本文章由计算机程序翻译，如有差异，请以英文原文为准。

查看原文

微信好友朋友圈 QQ好友复制链接

本刊更多论文

Mapping vaccine names in clinical trials to vaccine ontology using cascaded fine-tuned domain-specific language models.

Background: Vaccines have revolutionized public health by providing protection against infectious diseases. They stimulate the immune system and generate memory cells to defend against targeted diseases. Clinical trials evaluate vaccine performance, including dosage, administration routes, and potential side effects.

Clinicaltrials: gov is a valuable repository of clinical trial information, but the vaccine data in them lacks standardization, leading to challenges in automatic concept mapping, vaccine-related knowledge development, evidence-based decision-making, and vaccine surveillance.

Results: In this study, we developed a cascaded framework that capitalized on multiple domain knowledge sources, including clinical trials, the Unified Medical Language System (UMLS), and the Vaccine Ontology (VO), to enhance the performance of domain-specific language models for automated mapping of VO from clinical trials. The Vaccine Ontology (VO) is a community-based ontology that was developed to promote vaccine data standardization, integration, and computer-assisted reasoning. Our methodology involved extracting and annotating data from various sources. We then performed pre-training on the PubMedBERT model, leading to the development of CTPubMedBERT. Subsequently, we enhanced CTPubMedBERT by incorporating SAPBERT, which was pretrained using the UMLS, resulting in CTPubMedBERT + SAPBERT. Further refinement was accomplished through fine-tuning using the Vaccine Ontology corpus and vaccine data from clinical trials, yielding the CTPubMedBERT + SAPBERT + VO model. Finally, we utilized a collection of pre-trained models, along with the weighted rule-based ensemble approach, to normalize the vaccine corpus and improve the accuracy of the process. The ranking process in concept normalization involves prioritizing and ordering potential concepts to identify the most suitable match for a given context.

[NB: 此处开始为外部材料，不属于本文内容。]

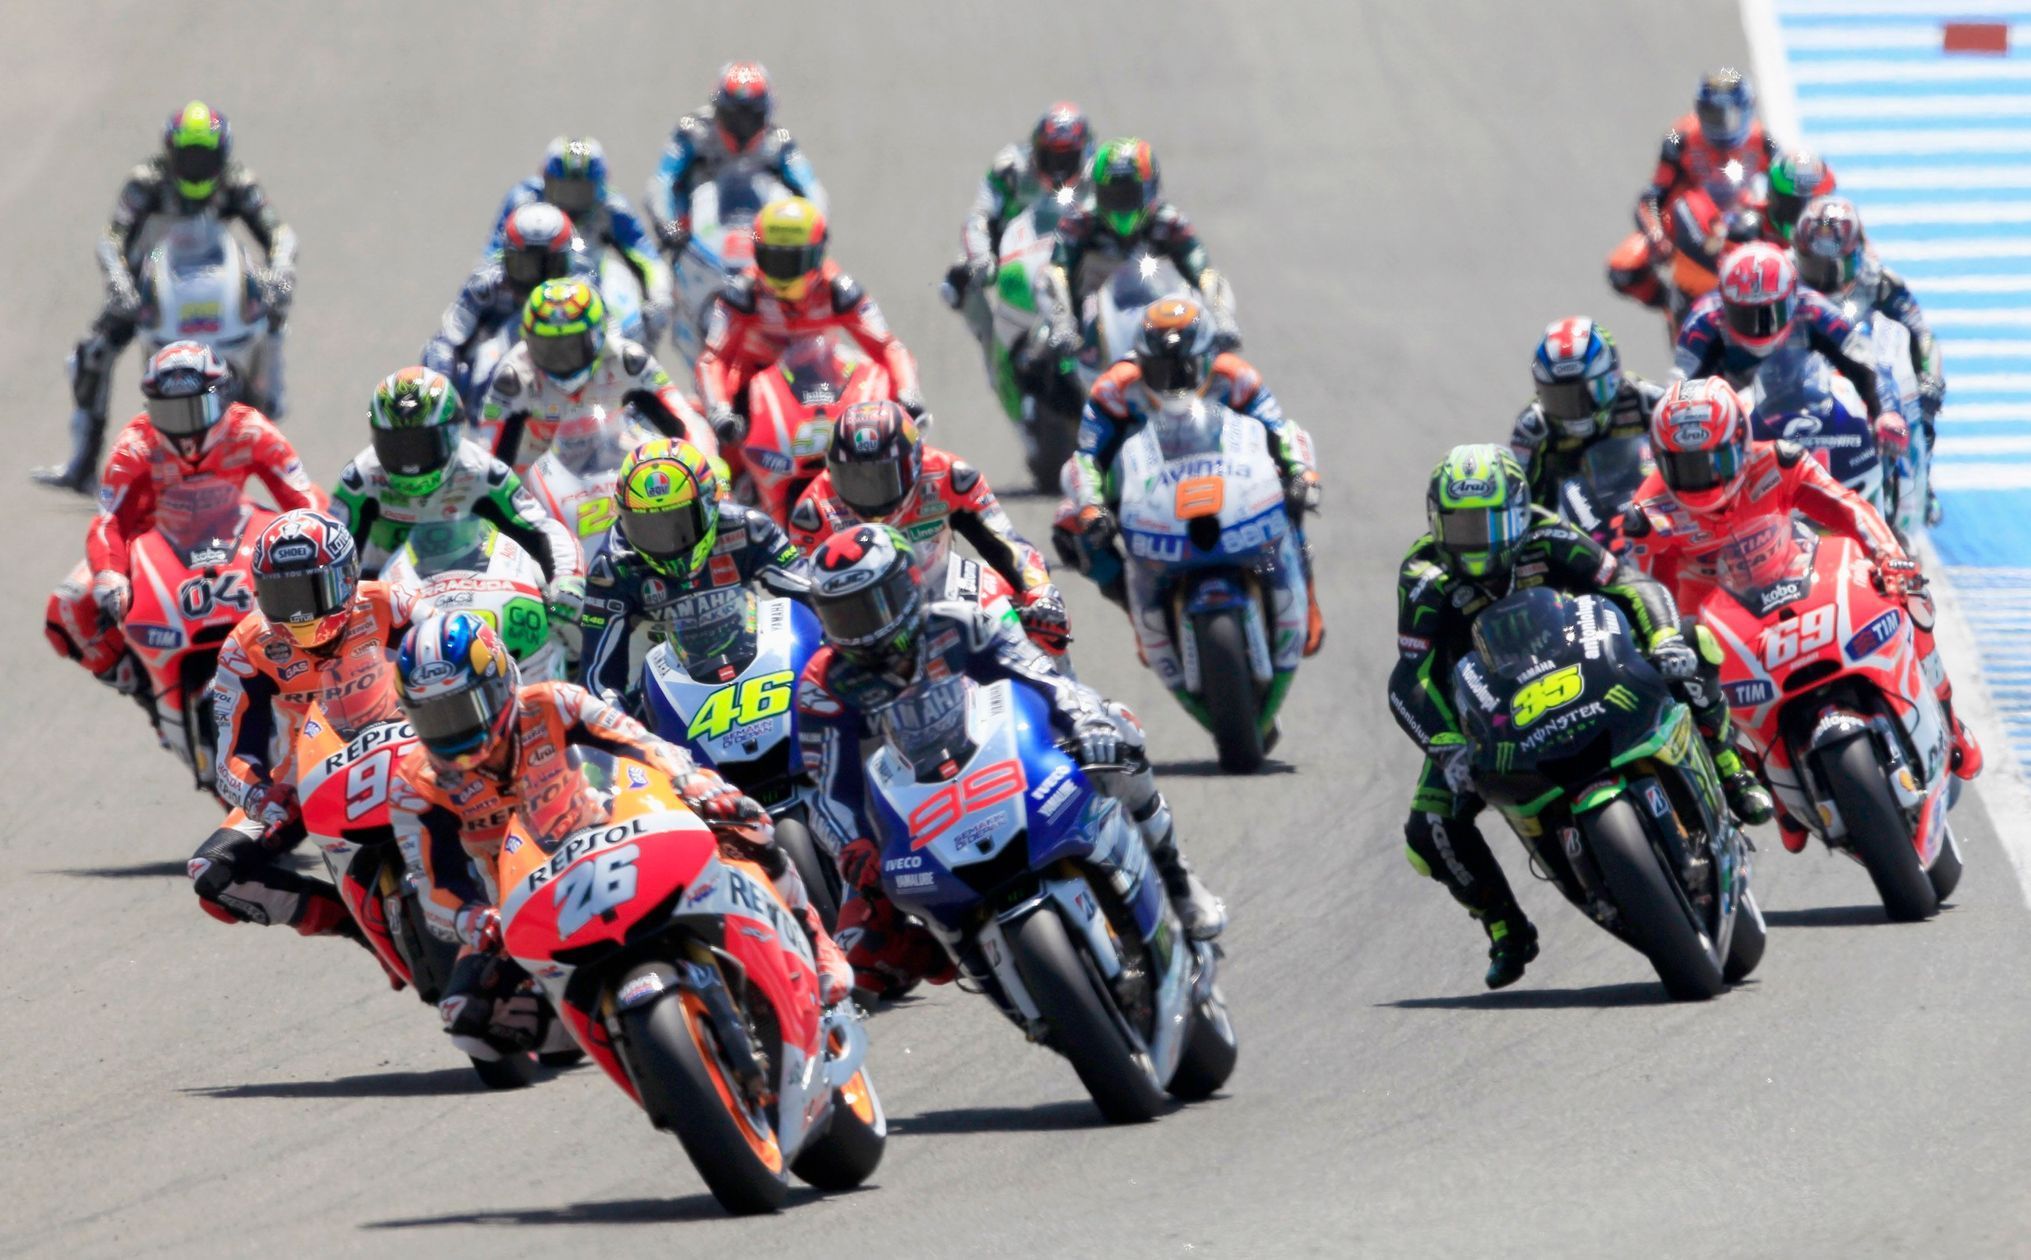 VC Španělska 2013, MotoGP: start

We conducted a ranking of the Top 10 concepts, and our experimental results demonstrate that our proposed cascaded framework consistently outperformed existing effective baselines on vaccine mapping, achieving 71.8% on top 1 candidate's accuracy and 90.0% on top 10 candidate's accuracy.

Conclusion: This study provides a detailed insight into a cascaded framework of fine-tuned domain-specific language models improving mapping of VO from clinical trials. By effectively leveraging domain-specific information and applying weighted rule-based ensembles of different pre-trained BERT models, our framework can significantly enhance the mapping of VO from clinical trials.

求助全文

通过发布文献求助，成功后即可免费获取论文全文。去求助

来源期刊

Journal of Biomedical Semantics MATHEMATICAL & COMPUTATIONAL BIOLOGY-

CiteScore

4.20

自引率

5.30%

发文量

审稿时长

30 weeks

期刊介绍： Journal of Biomedical Semantics addresses issues of semantic enrichment and semantic processing in the biomedical domain. The scope of the journal covers two main areas: Infrastructure for biomedical semantics: focusing on semantic resources and repositories, meta-data management and resource description, knowledge representation and semantic frameworks, the Biomedical Semantic Web, and semantic interoperability. Semantic mining, annotation, and analysis: focusing on approaches and applications of semantic resources; and tools for investigation, reasoning, prediction, and discoveries in biomedicine.